NPL 3, 4, and 5 advocate using the direction of arrival in order to enhance the estimation accuracy of the separation filter. However, the processing of these NPL is explicitly performed outside the optimization framework that is used for estimating the separation filter, adding to the complexity of the algorithm. Also, the processing of these NPL is not differentiable, and is thus difficult to apply directly to a model premised on the gradient method such as a deep neural network.
In view of the above technical problems, an object of this invention is to realize a sound source separation technology that enables simple optimization that takes both estimation of the separation filter and utilization of the direction of arrival into consideration at the same time.
In order to solve the above problem, a sound source separation device of one mode of this invention is a sound source separation device for acquiring, from a mixed signal including sounds that came from a plurality of sound sources, a separated signal including an emphasized sound for every sound source, the device including a separated signal estimation unit configured to acquire the separated signals from the mixed signal, using a separation filter optimized to fulfill separating, for every sound source, a sound emitted from the sound source, and to fulfill having, for every sound source, strong directivity in a direction of the sound source compared with a direction not of the sound source.
The sound source separation technology of this invention enables simple optimization that takes both estimation of the separation filter and utilization of the direction of arrival into consideration at the same time.
Hereinafter, embodiments of this invention will be described in detail. Note that the same reference numerals are given to constituent elements having the same function in the drawings, and redundant description will be omitted.
Embodiments of this invention are a sound source separation device and method for executing an audio processing algorithm for separating each target sound source from a mixed signal composed of a plurality of mixed sound source signals. This audio processing algorithm includes (1) a signal conversion step of converting a mixed signal that is defined in the time domain into a mixed signal of the frequency domain, (2) a separated signal estimation step of estimating a separated signal of the frequency domain at a present time k, by applying a separation filter that is estimated at the present time k to the mixed signal of the frequency domain derived in the signal conversion step, (3) a gradient calculation step of calculating respective gradients of the likelihood relating to the separation filter that is estimated at the present time k and regularization that is based on the direction of arrival, using the mixed signal of the frequency domain derived in the signal conversion step and the separated signal of the frequency domain derived in the separated signal estimation step, (4) a filter update step of updating the separation filter, using the gradients calculated in the gradient calculation step, and (5) a signal inverse conversion step of converting the separated signal of the frequency domain derived in the separated signal estimation step into a separated signal that is defined in the time domain.

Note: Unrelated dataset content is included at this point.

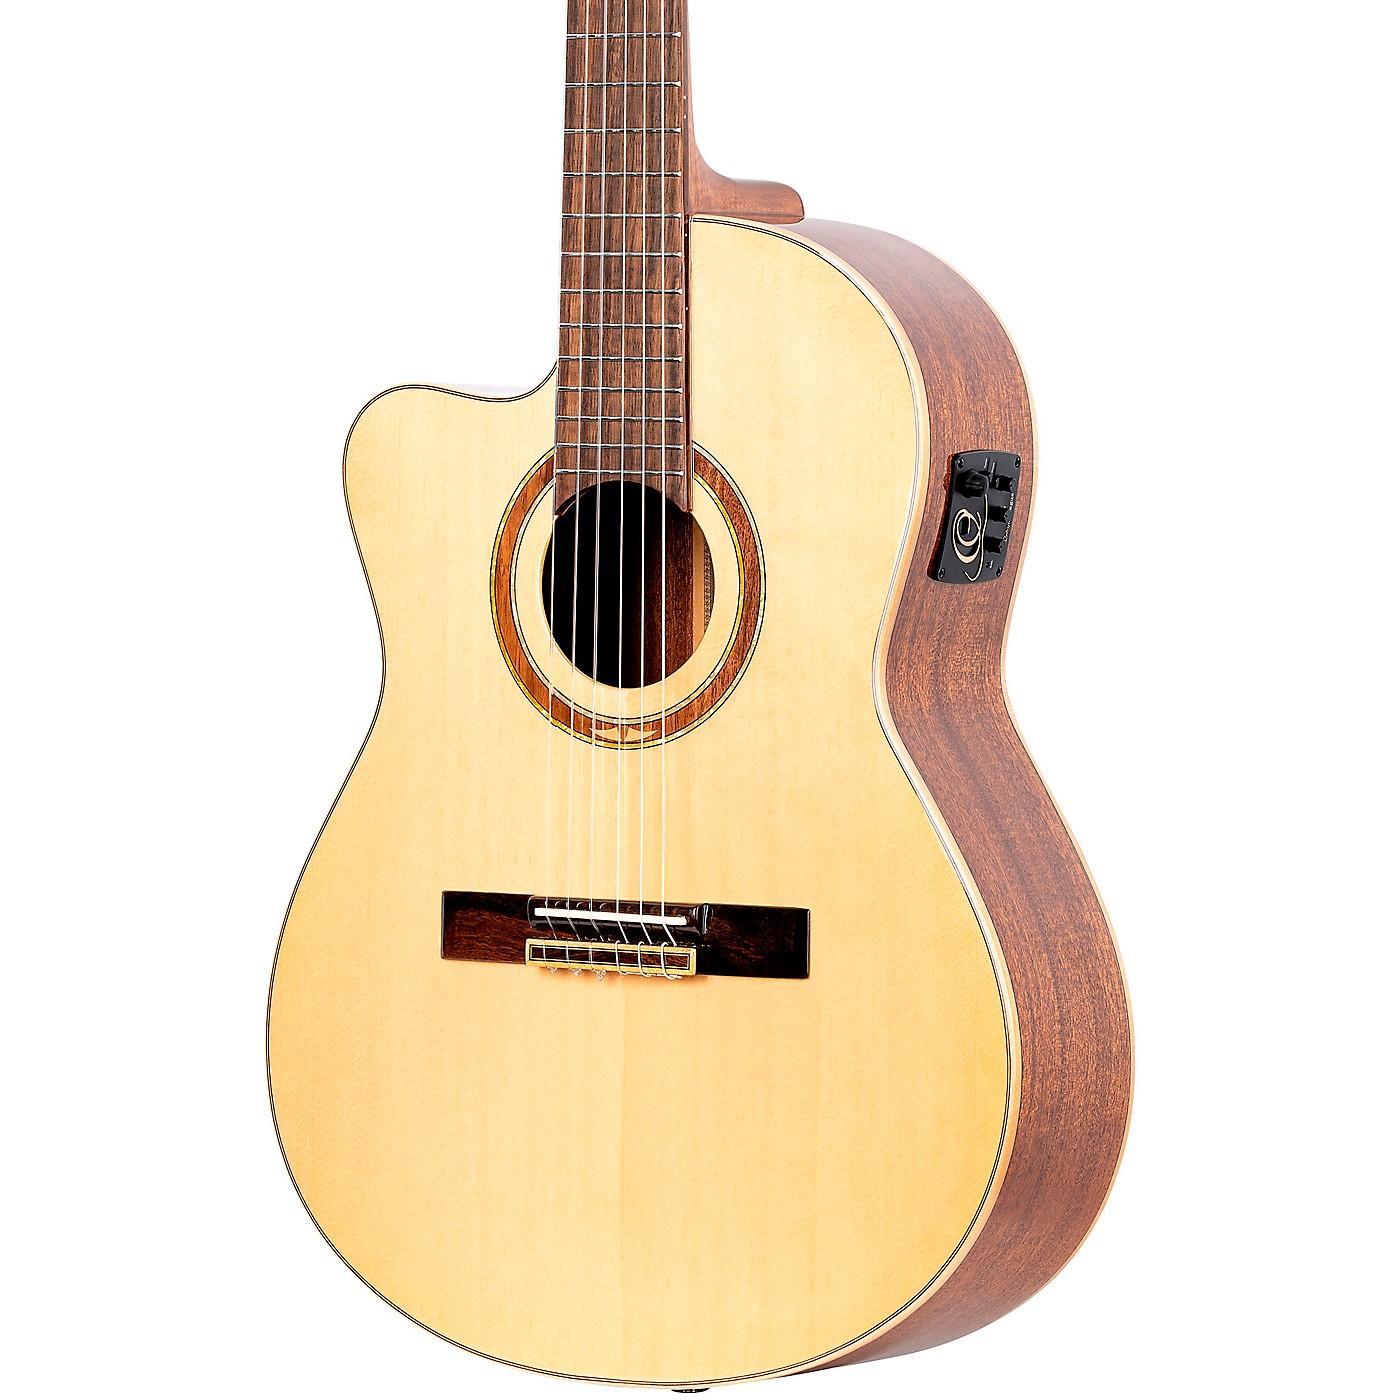 Ortega Family Series Pro RCE138-T4-L Thinline Acoustic Electric Nylon Guitar thumbnail
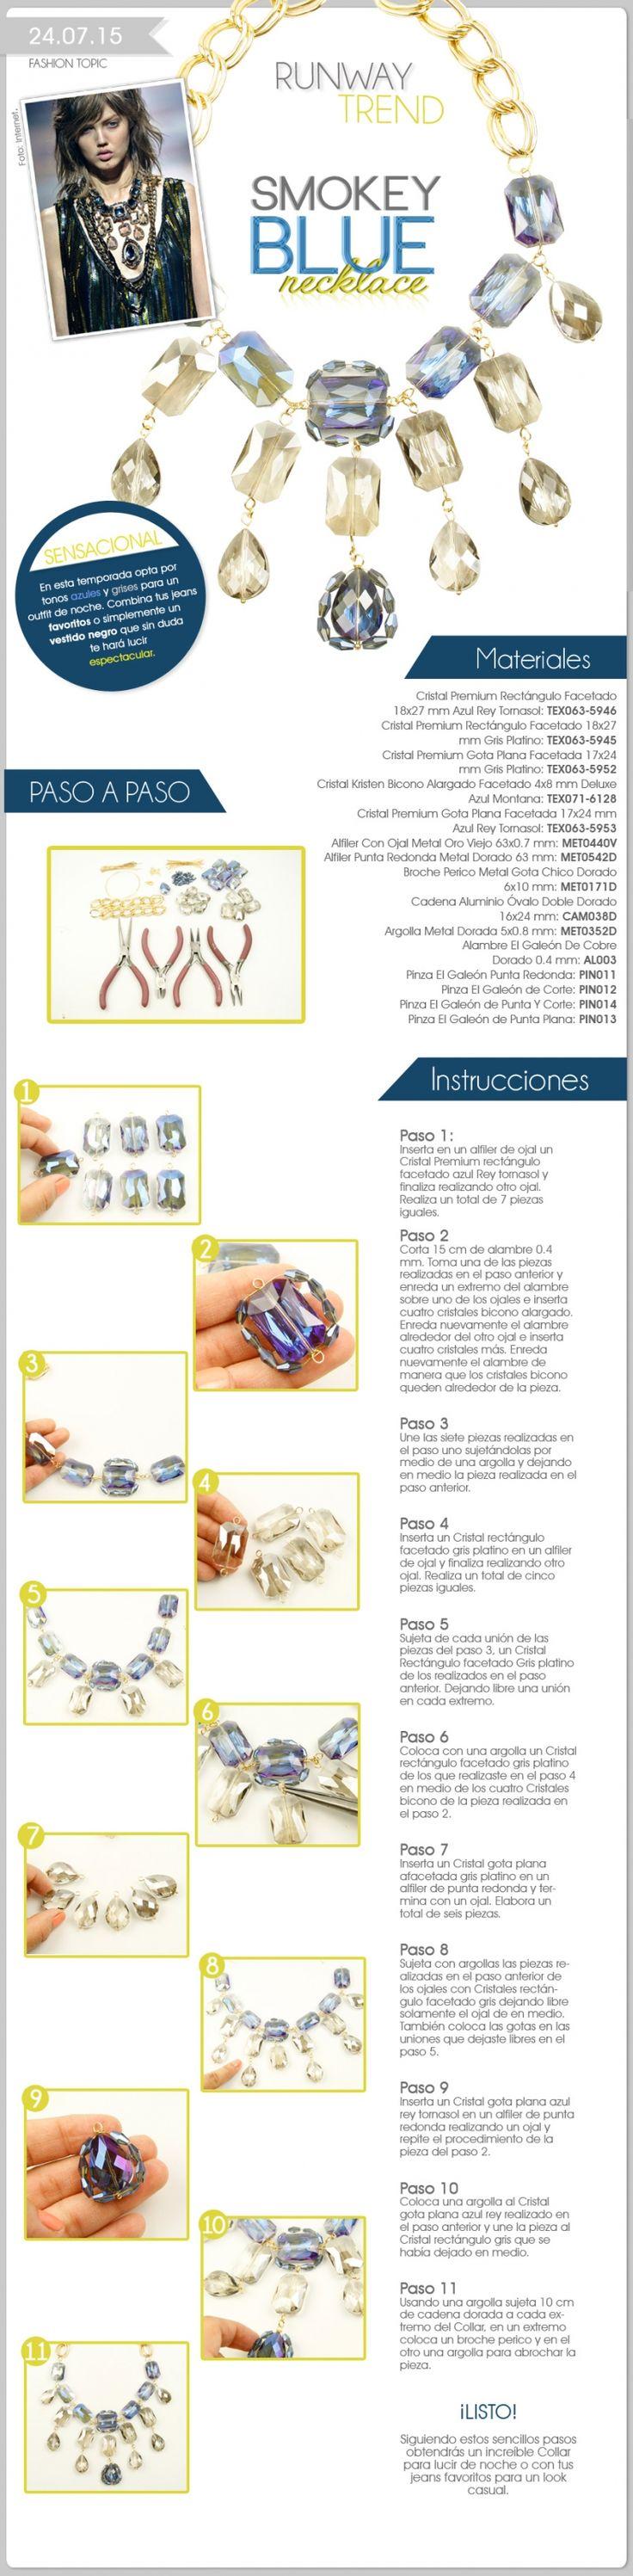 M s de 25 ideas incre bles sobre materiales para hacer for Proveedores de material para bisuteria

A sound source separation device 10 of an embodiment is an audio signal processing device that receives input of a mixed signal of the time domain that includes sounds that came from a plurality of sound sources, and outputs a separated signal of the time domain that includes an emphasized sound for every sound source. As illustrated in
The sound source separation device 10 is, for example, a special device constituted by a special program being loaded onto a known or dedicated computer having a Central Processing Unit (CPU) and a main storage device (Random Access Memory (RAM)), and the like. The sound source separation device 10 executes various processing under the control of the central processing unit, for example. Data input to the sound source separation device 10 and data obtained by the various processing is stored in the main storage device, for example, and data stored in the main storage device is read out to the central processing unit and utilized in other processing as required. The processing units of the sound source separation device 10 may be constituted at least in part by hardware such as an integrated circuit.
The processing procedure of the sound source separation method that is executed by the sound source separation device 10 of an embodiment will be described, with reference to
In this embodiment, the number N of sound sources and the number M of microphones are known. Also, the input of the sound source separation device 10 is a mixed signal XtmεR of the time domain that is acquired from an m∈{1, . . . , M}th microphone. Here, t∈{1, . . . , T} represents each time frame, and T represents the maximum time frame. Also, R is the entire set of real numbers.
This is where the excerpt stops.